Closed chazo1994 closed 4 years ago
For average length sentences, the inference time of Glow-TTS on a V100 GPU is about 40ms, whereas the inference time of FastSpeech was reported as ~25ms. You can find out in the papers (FastSpeech: Table 2, Glow-TTS: Section 5.2. Sampling Speed).
Glow-TTS is slower than FastSpeech, but I don't think the difference is significant in end-to-end setting, because vocoders are usually way slower than parallel TTS models.
@jaywalnut310 Do you try to inference on CPU, and compare with GPU?
I tried to measure inference on CPU, but I don't remember accurately. So, I cannot tell in certain, but I thought it was about 500ms to generate average length sentences on CPU.
You can try it with the pretrained model and inference notebook. Closing the issue.

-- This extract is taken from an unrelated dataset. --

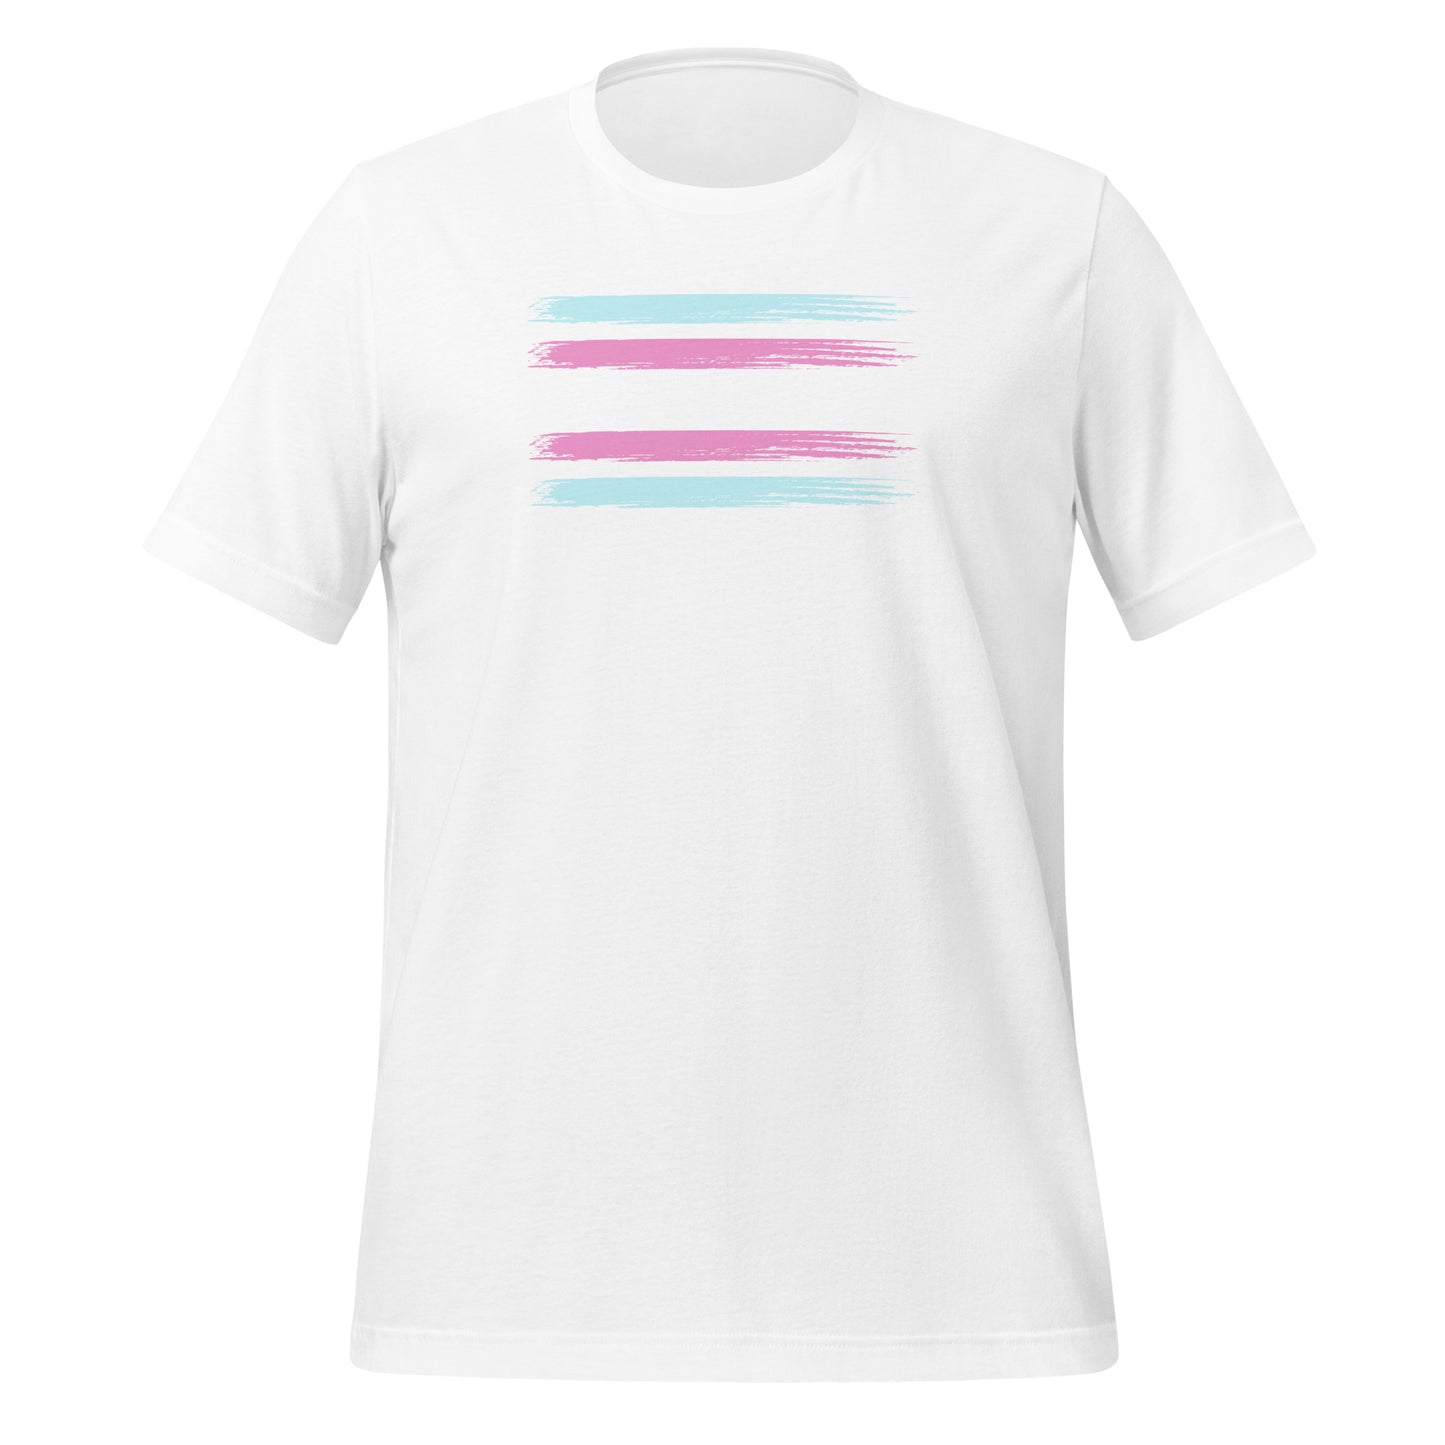 Transgender Pride Flag unisex t-shirt

How would one configure the inference notebook to be CPU compatible?
I modified the script by adding the following after the import statements:
device = torch.device("cuda:0" if torch.cuda.is_available() else "cpu")
Then I replaced every call to cuda()
with to(device)
. The script is able to nearly finish, but fails on the second-to-last line of code.
When it tries to execute:
audio = waveglow.infer(y_gen_tst, sigma=.666)
it raises
RuntimeError: Found no NVIDIA driver on your system.
Did you compare your proposal method with others parallel TTS like Fastspeech, how about your latency compared with that models.